**EXERCISE DATA**
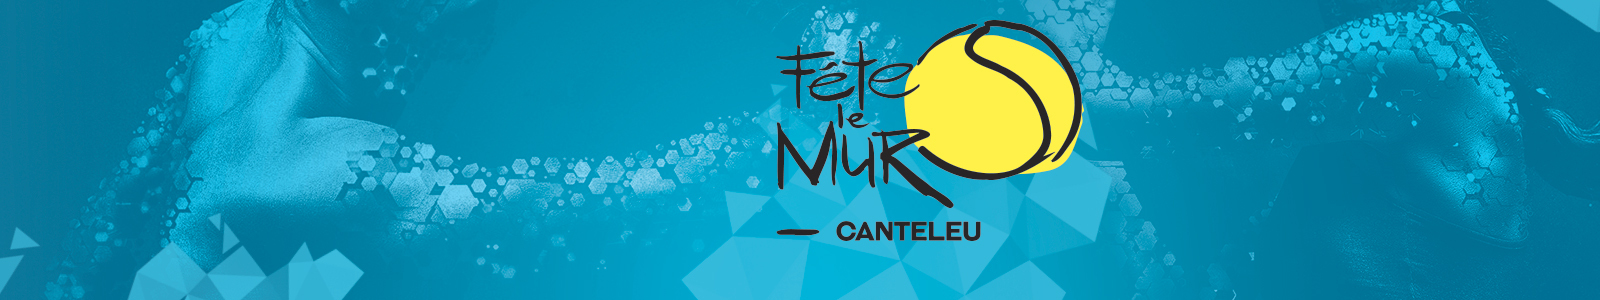 Fête Le Mur Canteleu : site officiel du club de tennis de Canteleu - clubeo
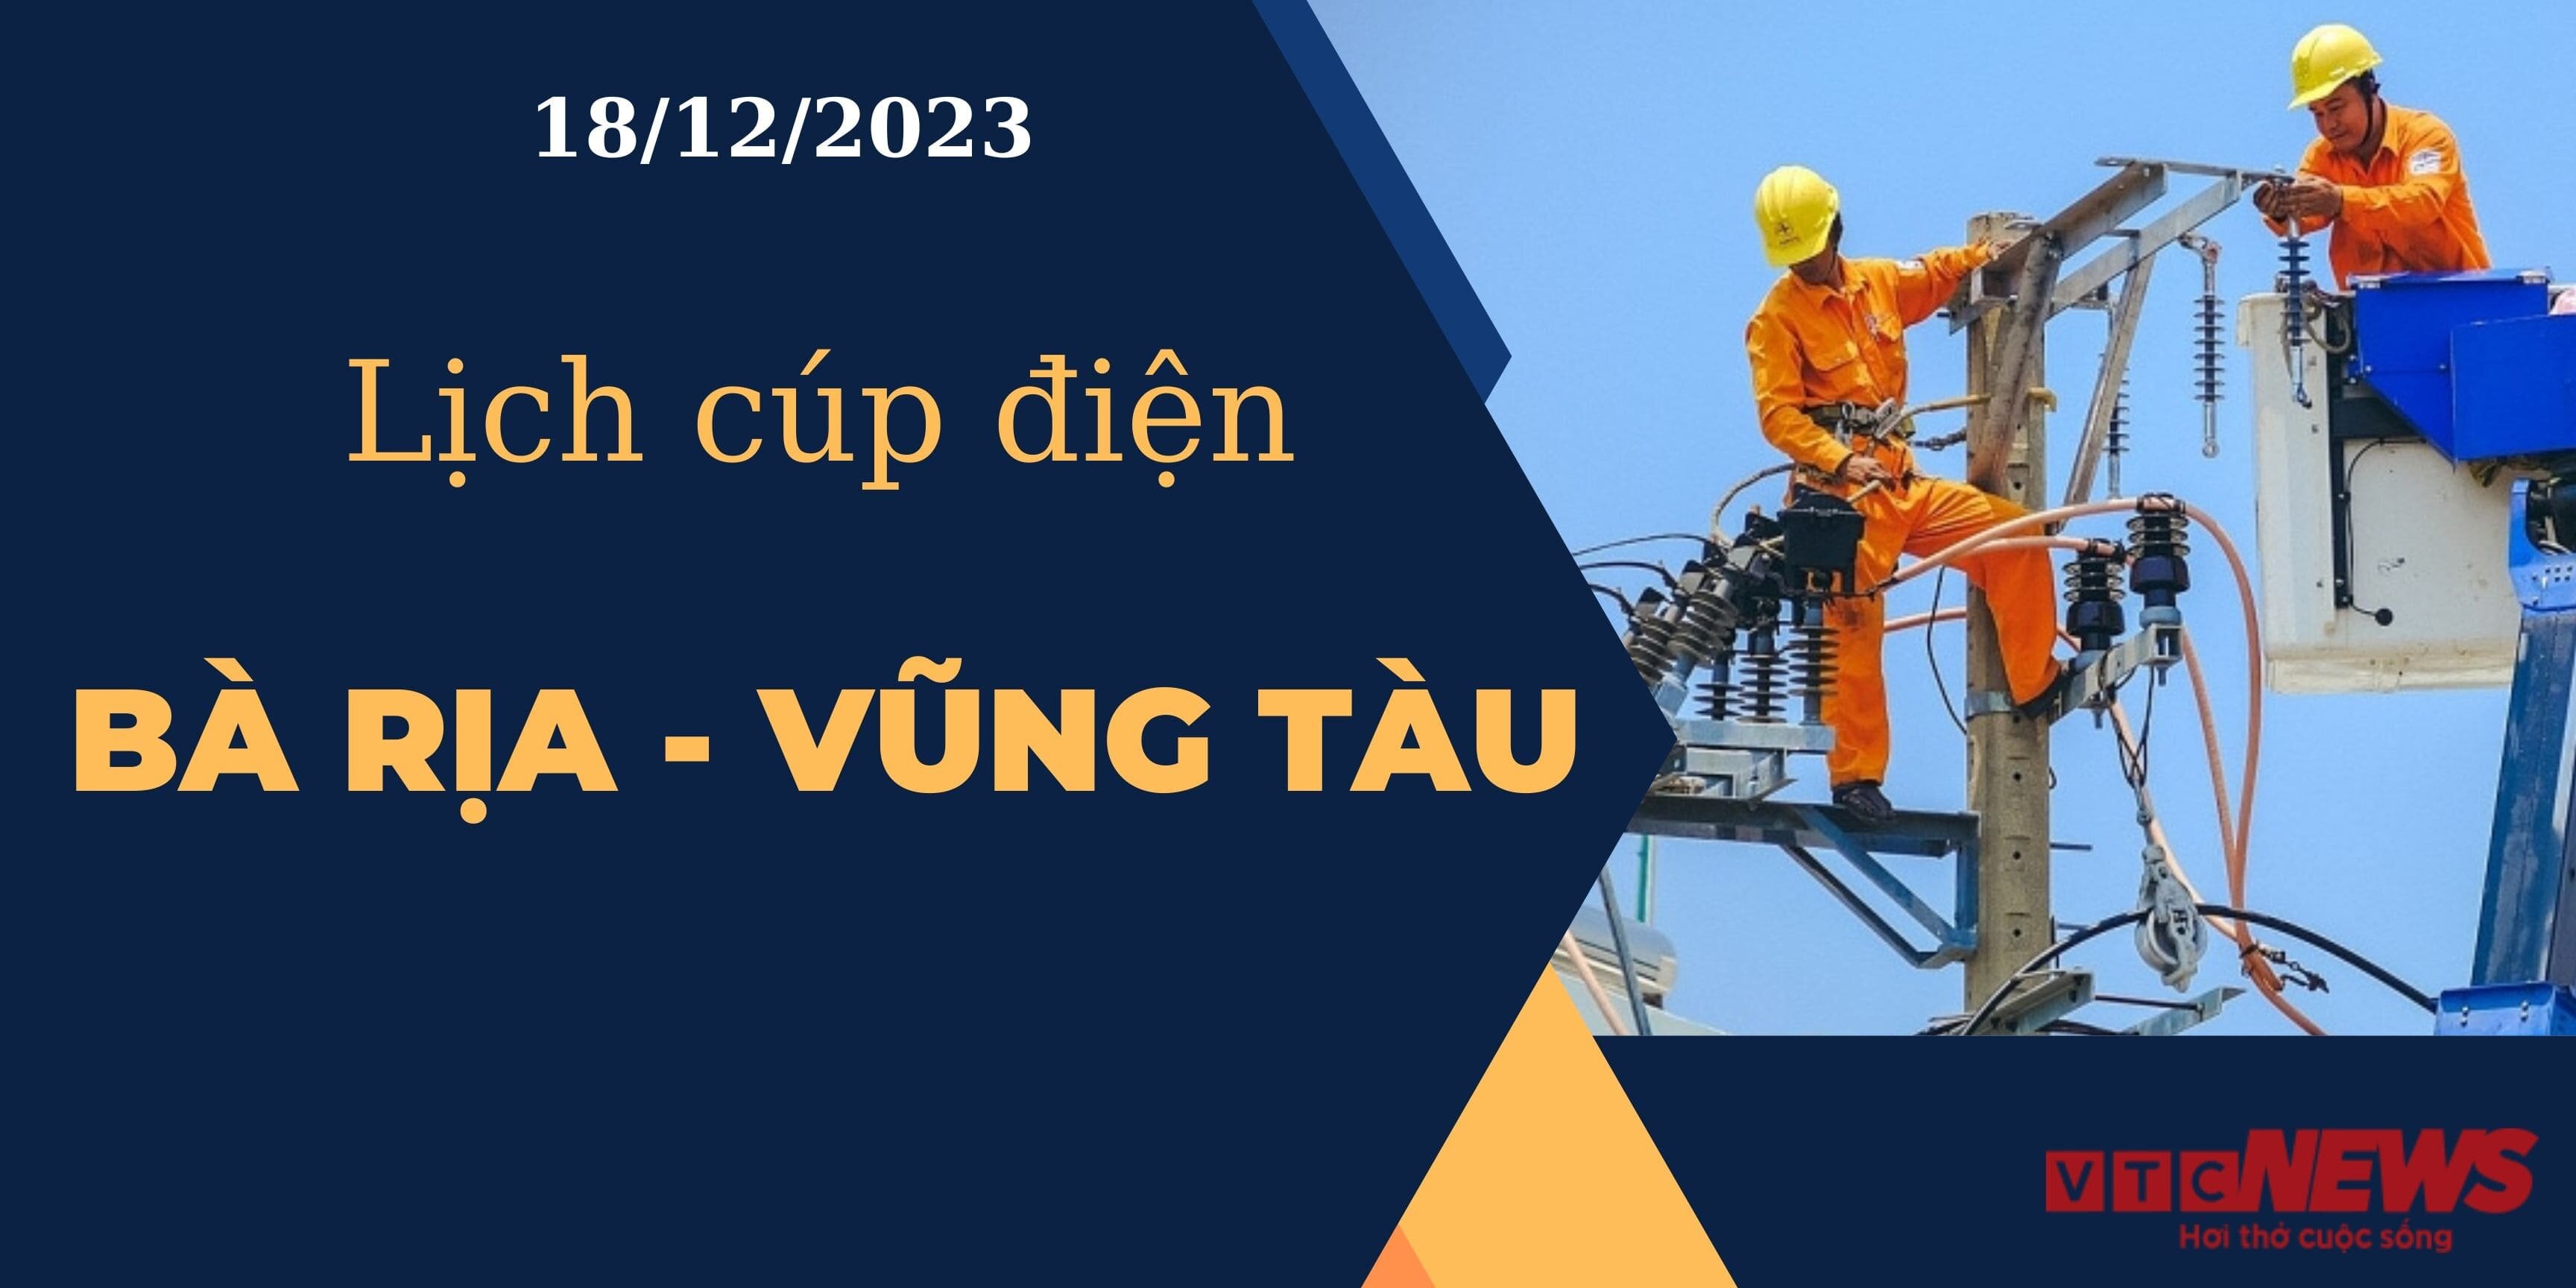 Lịch cúp điện hôm nay tại Bà Rịa - Vũng Tàu ngày 18/12/2023
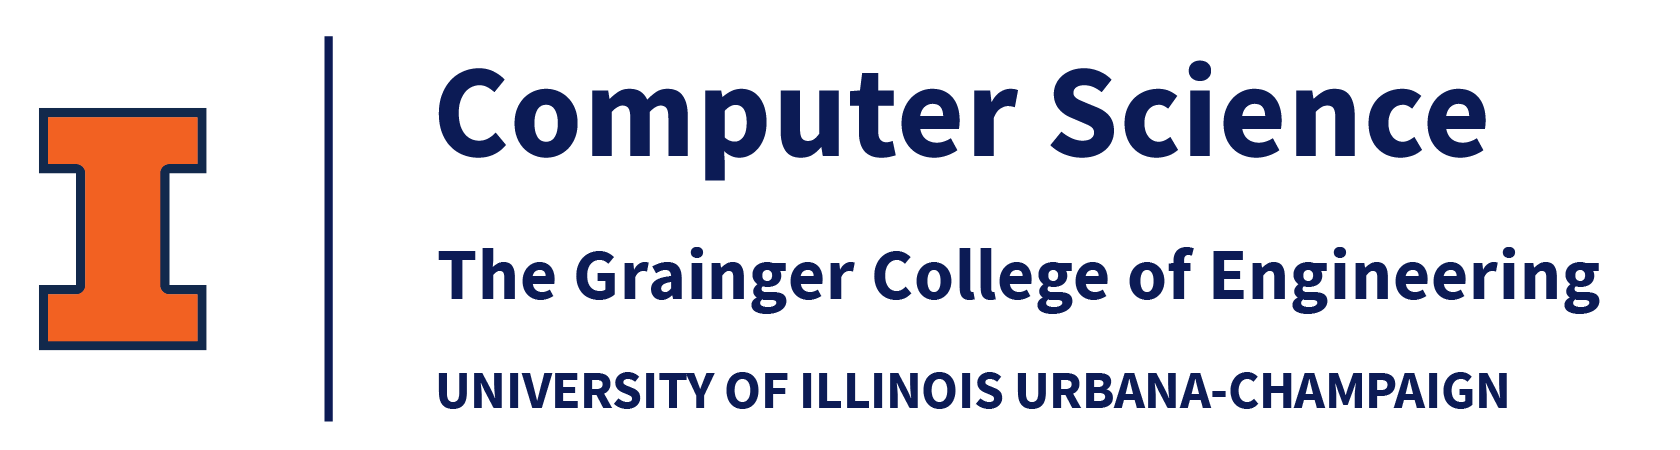 University of Illinois_CS
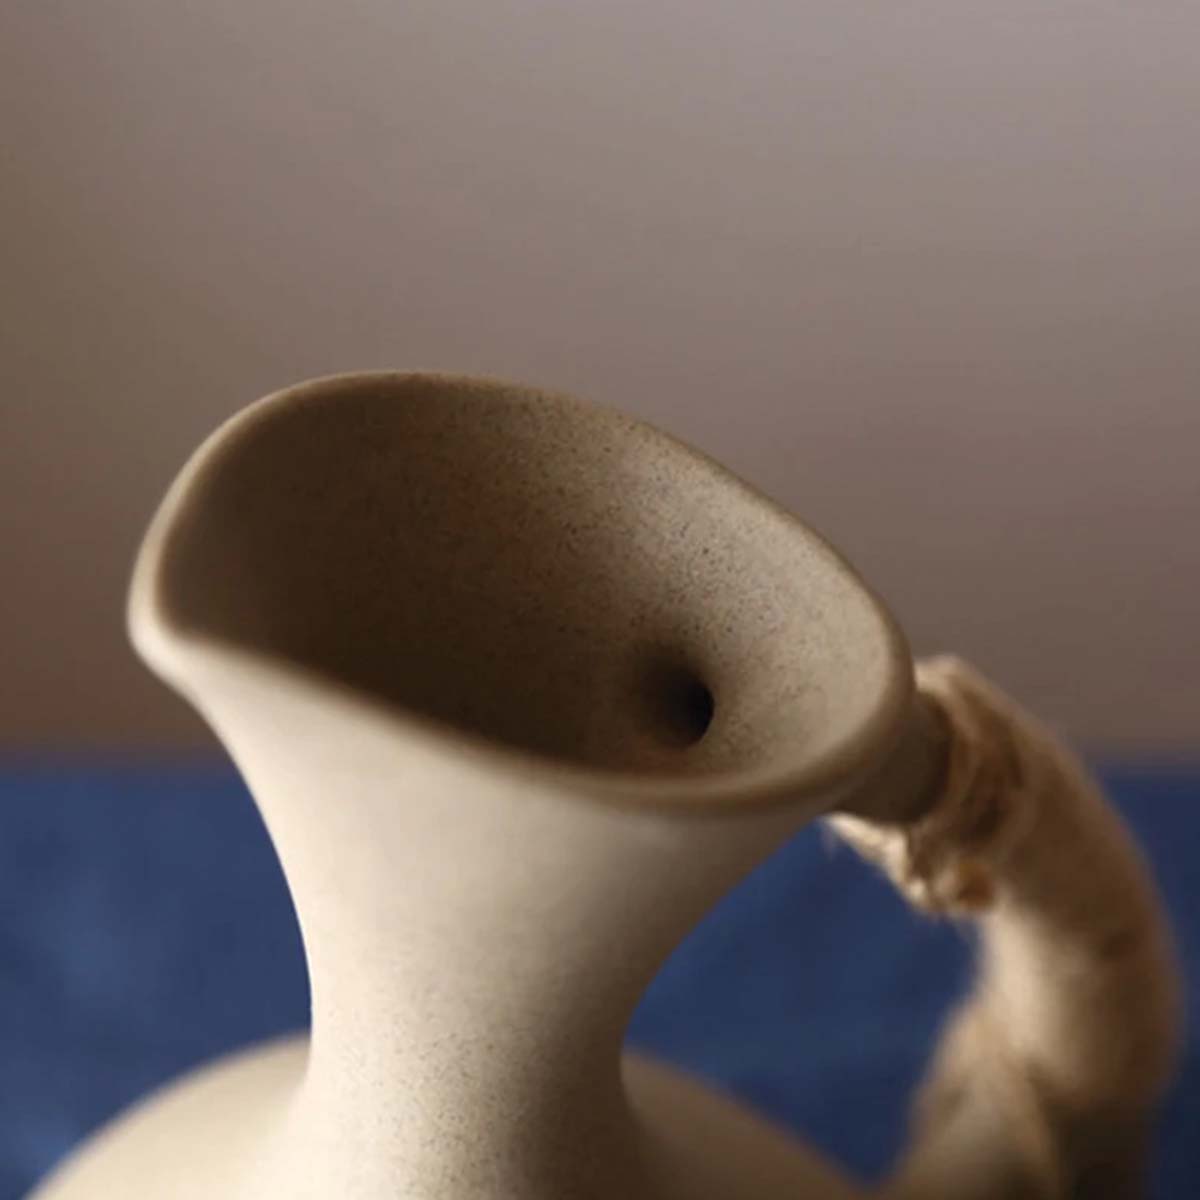 Keramik Krug und Becher

**TASK DETAILS**
Each line of the data above must be repeated exactly, images excluded.

**ANSWER TO THIS PROBLEM**
 Fête Le Mur Canteleu : site officiel du club de tennis de Canteleu - clubeo
 Lịch cúp điện hôm nay tại Bà Rịa - Vũng Tàu ngày 18/12/2023
 University of Illinois_CS
 Keramik Krug und Becher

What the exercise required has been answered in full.